Berbera port currently serves 250 customers a day with an average container stay period of 6.5 days. DP World works with five container shipping companies, namely Maersk Line, MSC, Pacific International Lines (PIL), CMA CGM S.A and Perma Shipping Line. Among the five companies, CMA CGM takes the largest share.

Having an alternative corridor will give a great opportunity to Ethiopia, which had only 1.3 million metric tonnes of cargo in the 1990’s. Out of this, 90pc of it was ferried through ports in Eritrea, while the remaining was shipped through Djibouti.
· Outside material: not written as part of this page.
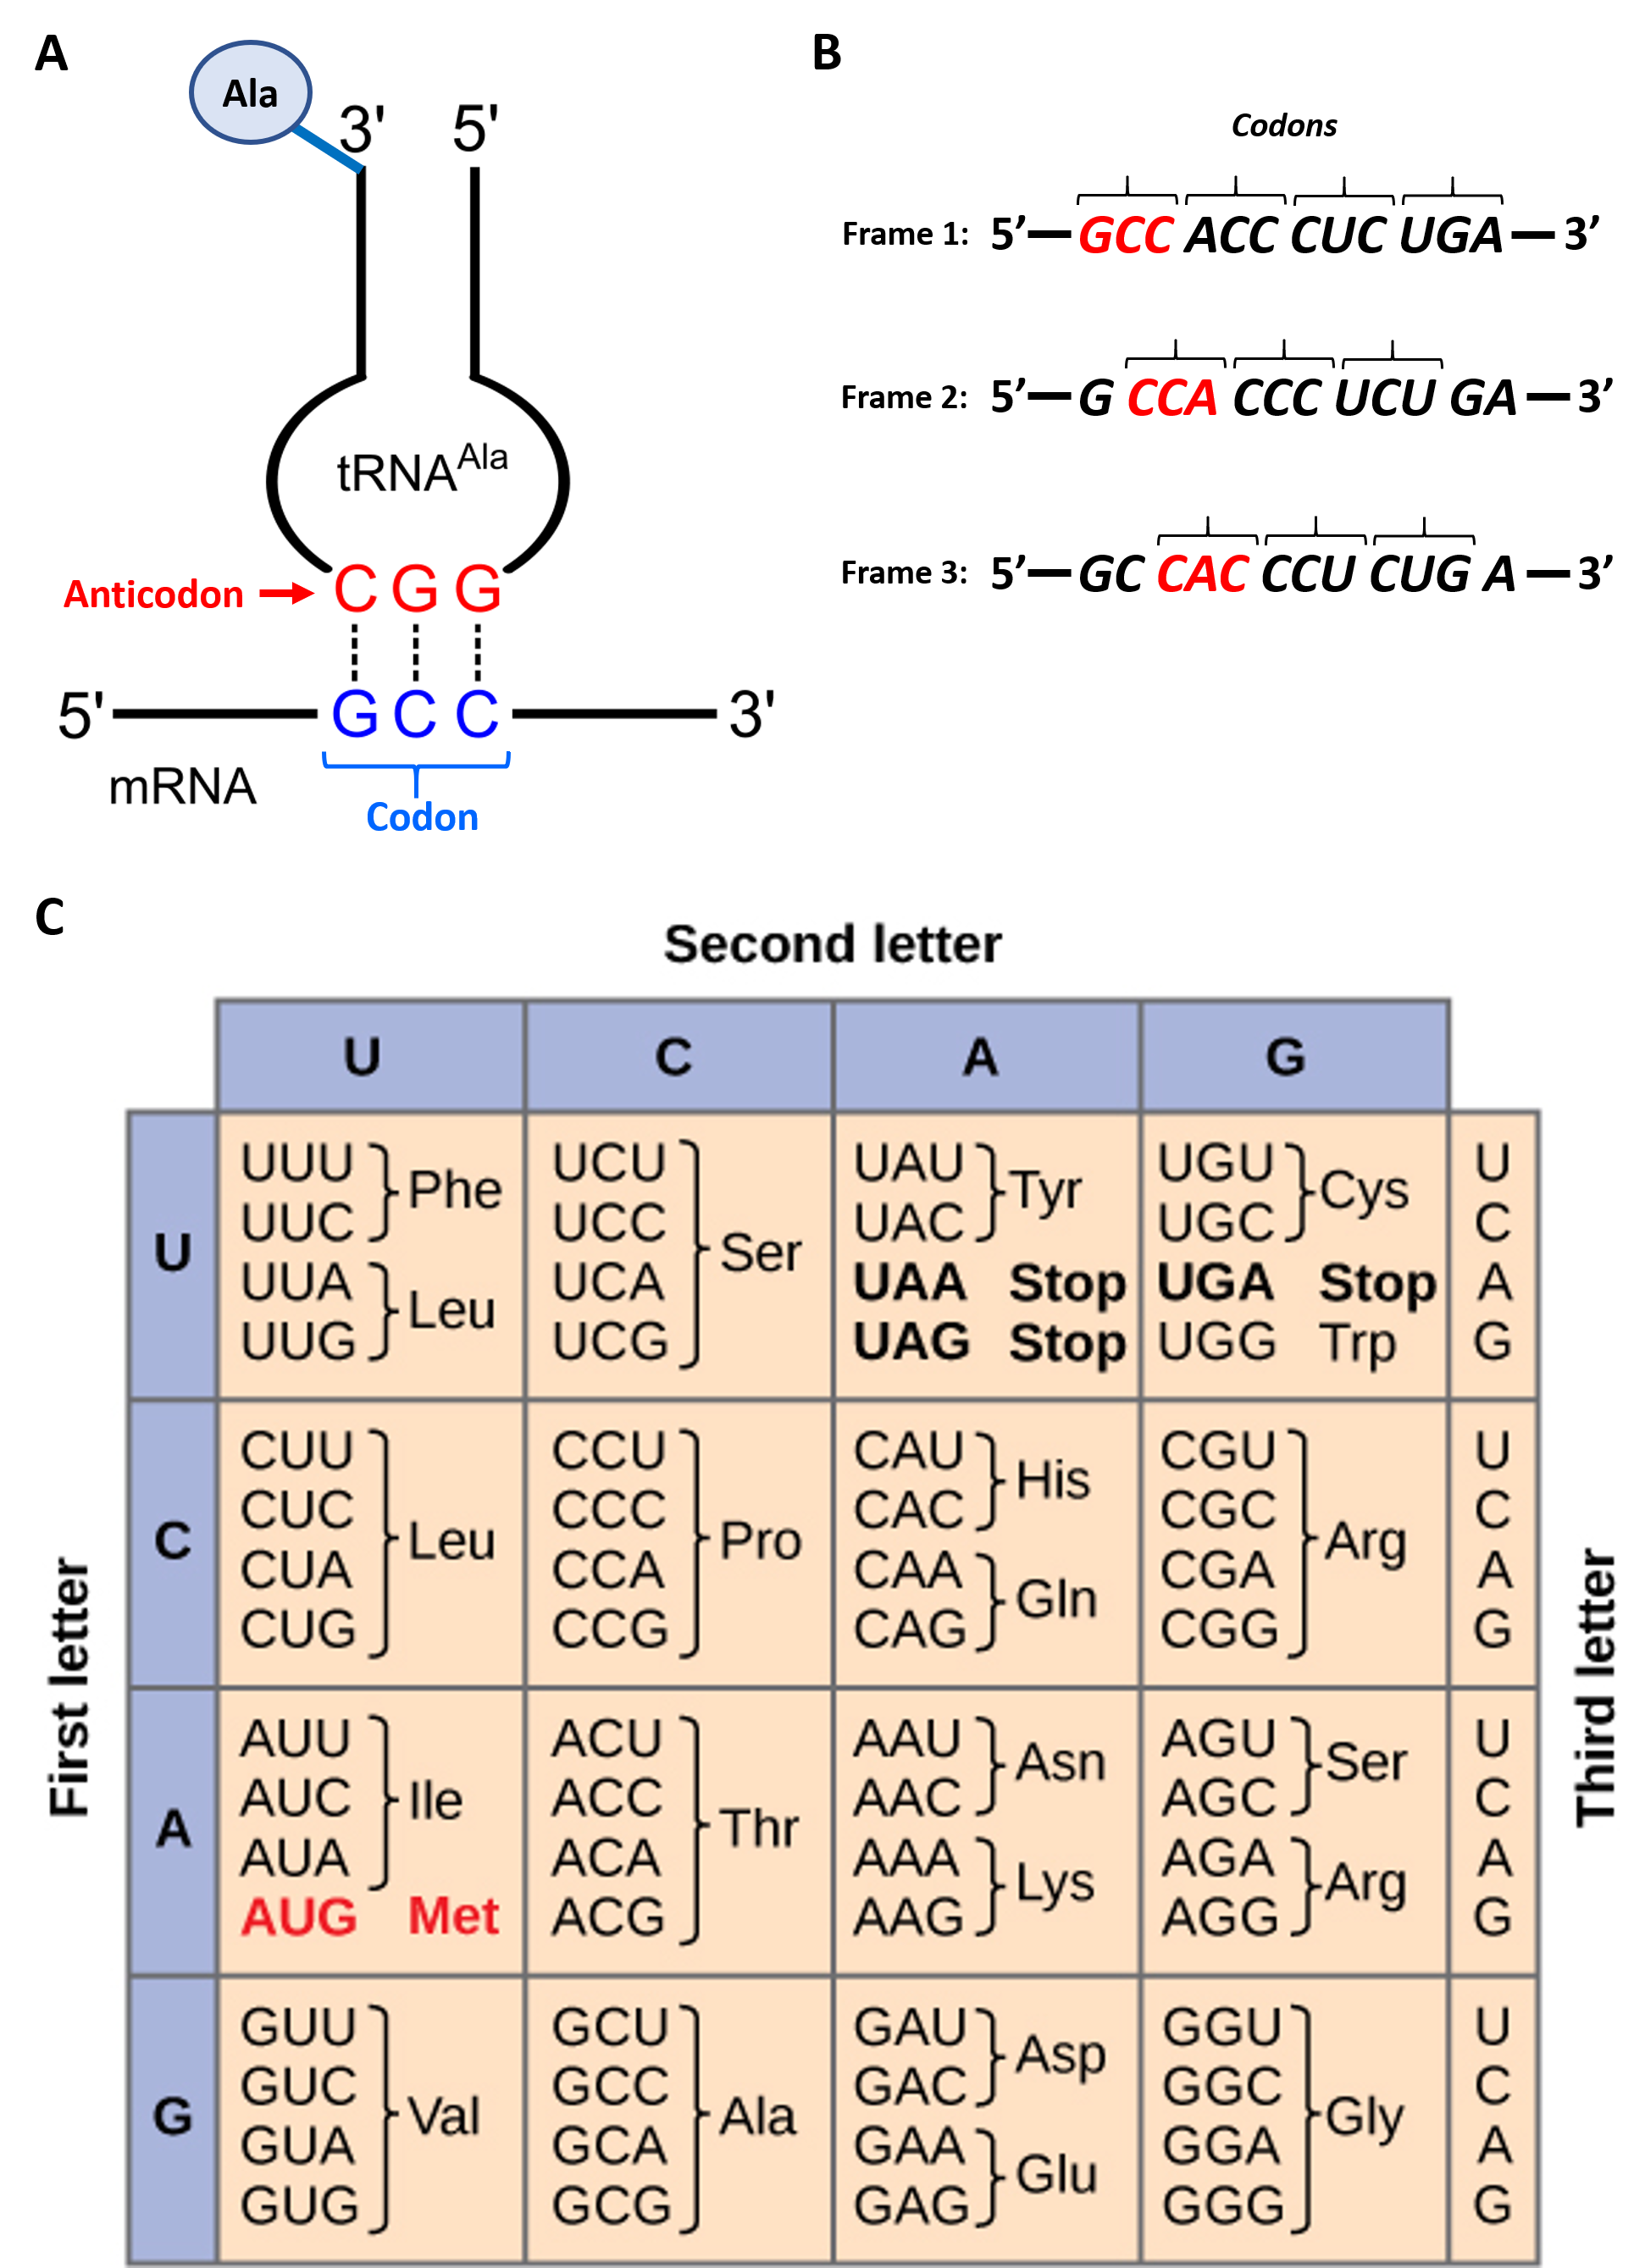 Figure 11.3 Reading the mRNA Template

After the Ethio-Eritrea war, Ethiopia switched its route to Djibouti.

Since then about 97pc of Ethiopia’s import-export cargo is delivered through Djibouti ports while two percent and one percent are shipped through Port Sudan and Berbera, respectively. Ethiopia planned its import-export loads to be 60pc through Djibouti, 30pc through Berbera and 10pc through Port Sudan, which Ethiopia has been using since 2015.

Before the start of the first edition of the Growth & Transformation Plan (GTP I), which was set in 2010 for five years, Ethiopia’s import cargo was around 8.5 million metric tonnes and export was 600,000 metric tonnes a year. But currently, the imported freight hits 13.5 million metric tonnes while the export reaches more than 1.8 million metric tonnes a year.

In having a stake at Berbera, the national security interest of the country has more weight than the commercial interest, according to Mamo Mihretu, an expert on logistics and currently working as a program leader for the Ethiopia Trade Logistic Project at World Bank. He believes that it will create competitiveness for Ethiopia’s export.

“On top of that, it could have been a solution for the inefficiency at the port of Djibouti,” he said. “It will also give Ethiopia the power of negotiation on prices as it will sit at the table.”

The project also excites the local business community. Gizeshwork Tessema, managing director, Gize Plc Logistics & Shipping, is one of them as she believes that it will bring a great opportunity for transport companies whose businesses were stalled after the commencement of the Ethio-Djibouti Railway transportation service.

“Beyond having alternative corridor and price competitiveness, it will help to retrieve the businesses of transport companies,” she told Fortune.

However, she fears that the major shareholder at the port, DP World, might manipulate the prices like it has been doing at the Port of Djibouti.

Along with developing the port, Mamo suggests the government should work on a couple of things; integrate port development with inland corridors, form an agency that will oversee port ownership and operations, and develop port ownership strategy.